Some time ago I read and enjoyed Wilson’s A Small Death in Lisbon (1999), which combines a present day investigation by Inspector Zé Coelho into the death of a young woman, and art theft by the Nazis in World War II. I thought the writing good and the plot clever. With The Hidden Assassins (2006), I expected another Coelho story. Wrong. Not even the same country. This book features Inspector Javier Falcón, is set in Seville, and is the third of a quartet of novels, all of which deal with different investigations, while having common threads running throughout.

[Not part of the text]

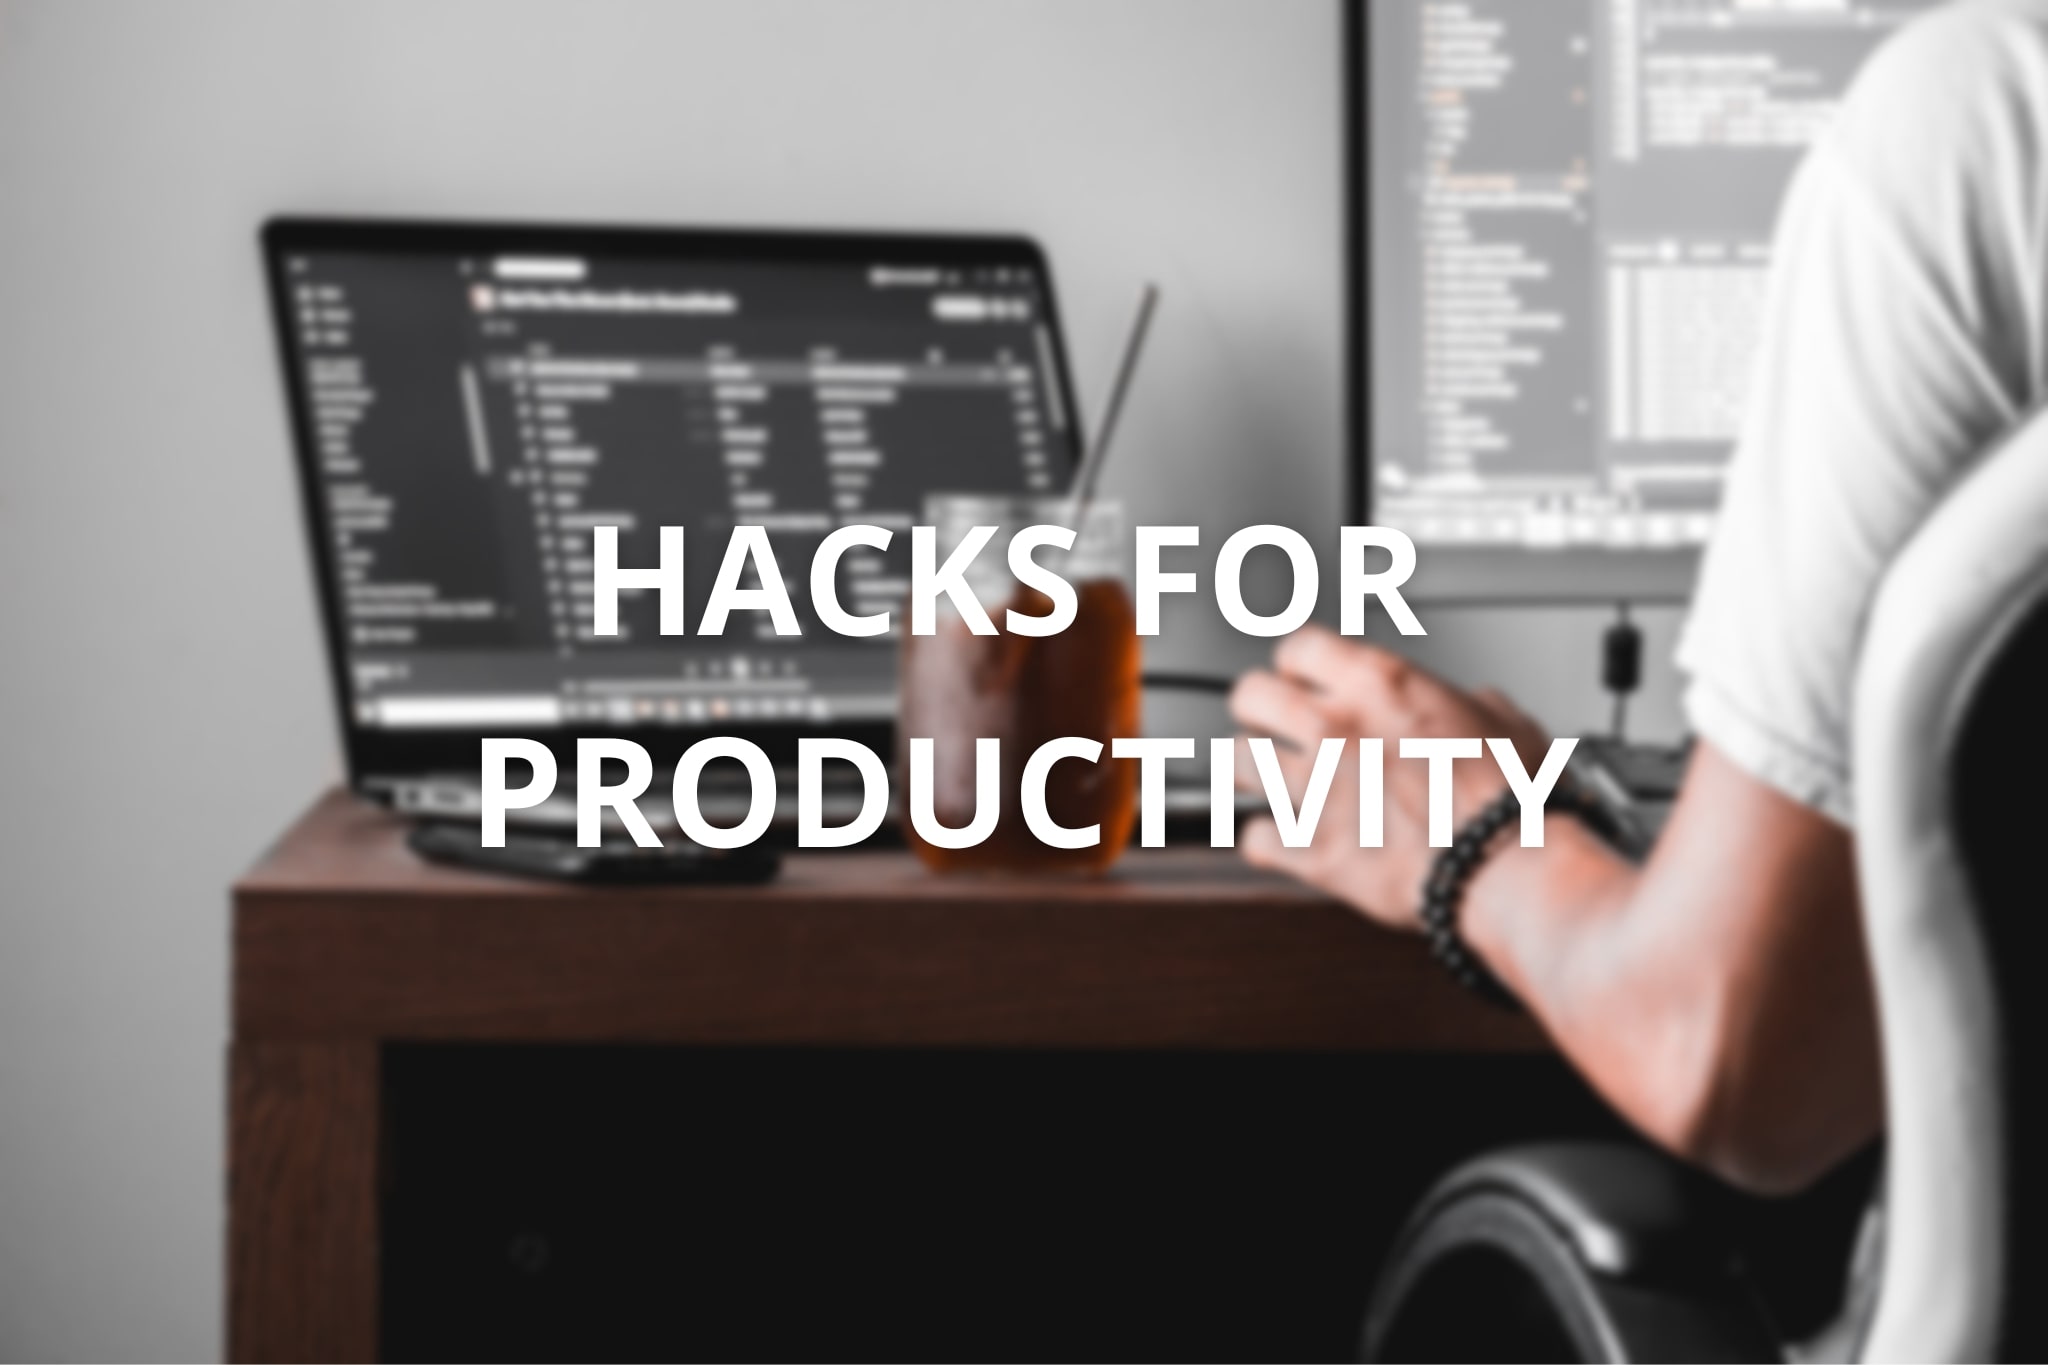 Study hacks for productivity

And while I would have done better to start at the beginning of the series with The Blind Man of Seville (2003), I still found the book gripping – if not quite as good as my first venture with Wilson.
After a brief preface set in London (the relevance of which only becomes clear at the end), the story begins with Javier investigating the discovery of a corpse mutilated so as to obscure its identity. But before he can really get started on the case, a bomb destroys an apartment block which has a mosque in its basement, and all of Seville’s resources are concentrated on dealing with what appears to be a terrorist attack. The story then introduces several other characters whose activities are also followed throughout the book. Some of these would be familiar to readers of the earlier books in the series; they would more quickly recognise the significance of their relationships with Javier than I did. I think understanding these relationships would have helped make him a more rounded character, though it is not necessary for the plot. The story is quite complex, with various red herrings and dead ends in the investigation, as well as mysterious issues of national security. Are the investigators jumping too quickly to conclusions? Some issues are left unresolved; I assume they are addressed in the final book of the series, The Ignorance of Blood (2009).

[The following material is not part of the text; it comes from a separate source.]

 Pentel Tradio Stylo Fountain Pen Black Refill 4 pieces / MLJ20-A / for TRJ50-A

Even without the deeper knowledge of his background built up in the earlier novels, Javier is a likeable enough character. He is a loner, divorced from his wife and yearning to renew a relationship that ended in a previous book. He is good at his job, and doesn’t seem to have conflicts with his colleagues or superiors. He feels he is now operating too much on instinct: ‘He’d been such a scientific investigator in the past … Now he spent more time tuning in to his intuition. He tried to persuade himself that is was experience but sometimes it seemed like laziness.’ But he breaks the case by the application of logic to the confusion in a quite satisfying way.

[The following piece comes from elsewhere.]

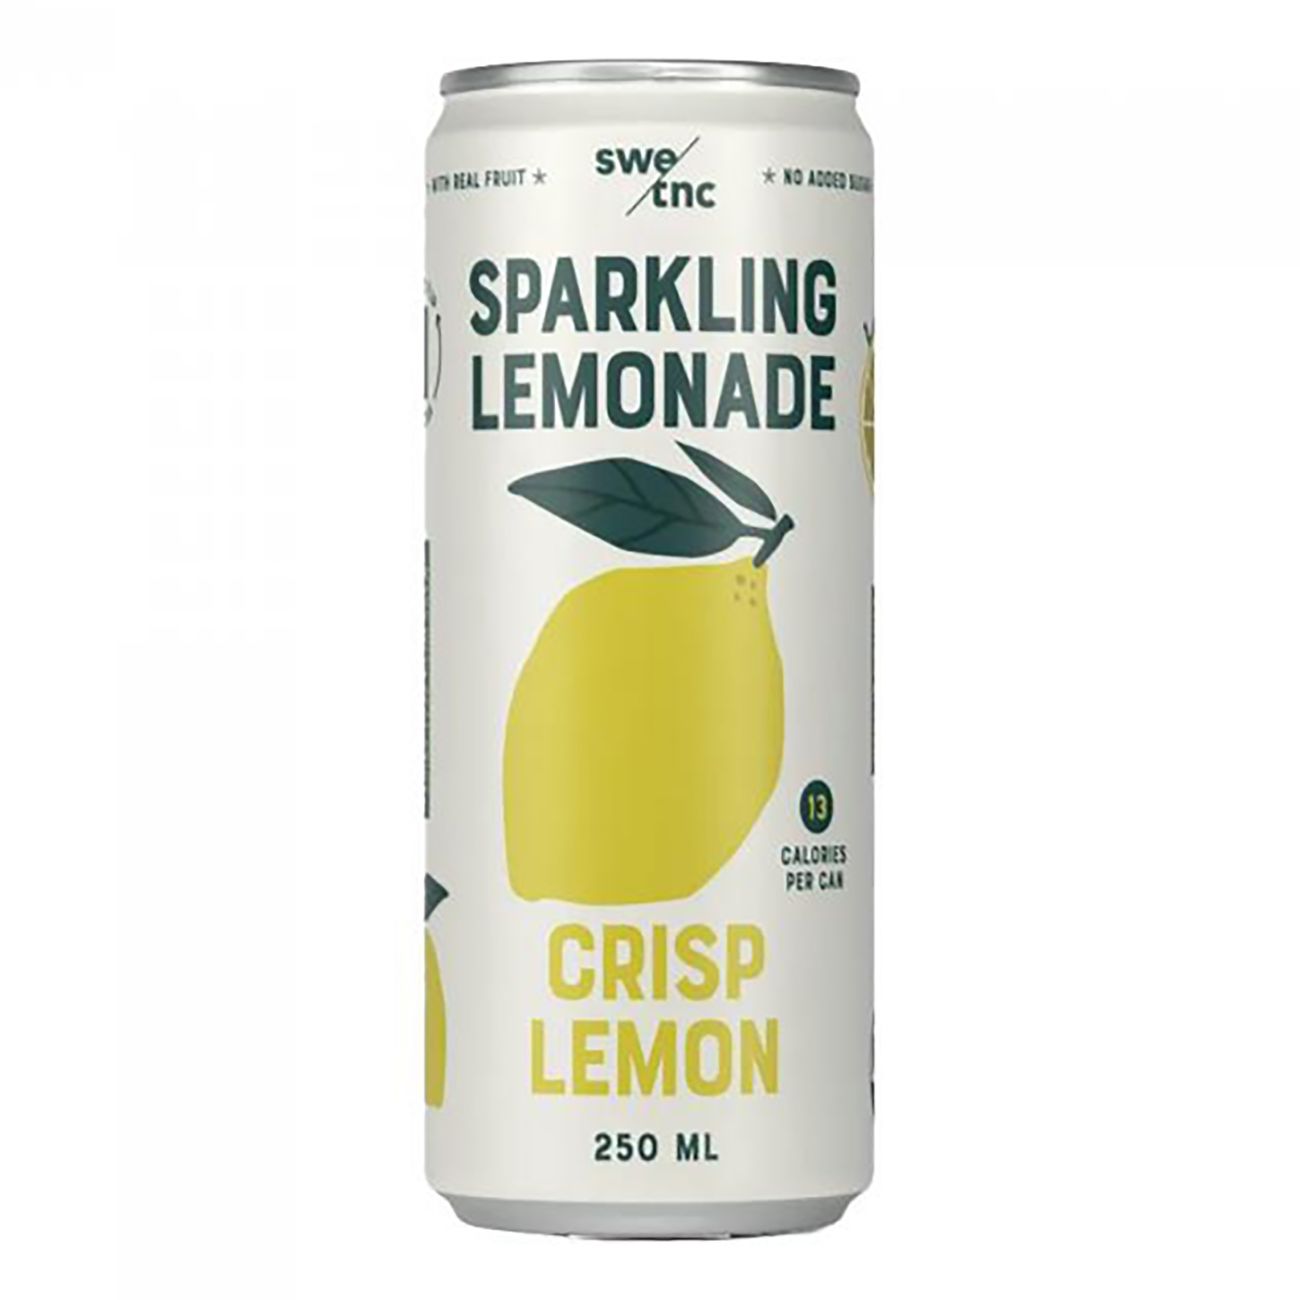 swedish-tonic-sparkling-lemonade-crisp-lemon-95375-1

The story is also about the effect that terrorism can have on individuals and whole cities. Wilson takes as his epigraph lines from Yeats’s poem The Second Coming: ‘Things fall apart; the centre cannot hold’. Even before the bomb, Javier feels anxious: ‘His instinct was telling him that this was the end of an old order and the ominous start of something new.’ Another character feels ‘the building’s collapse was an appalling replication of her own mental state’. The press and the public all too readily abandon the tolerance that used to characterise Seville and jump to the conclusion that the bomb was the work of Islamic terrorists. Many respond with demands that Moroccans and other North Africans now living in Spain be expelled. ‘They live with me, they live in my society, they enjoy its prosperity, until one day they decide to put a bomb under my apartment,’ says one of the survivors. ‘And now it is we who are angry.’ Javier struggles to make sense of it. Who benefits by such dislocation? Wilson is making a welcome point about Western and Islamic relations through the way he resolves this story.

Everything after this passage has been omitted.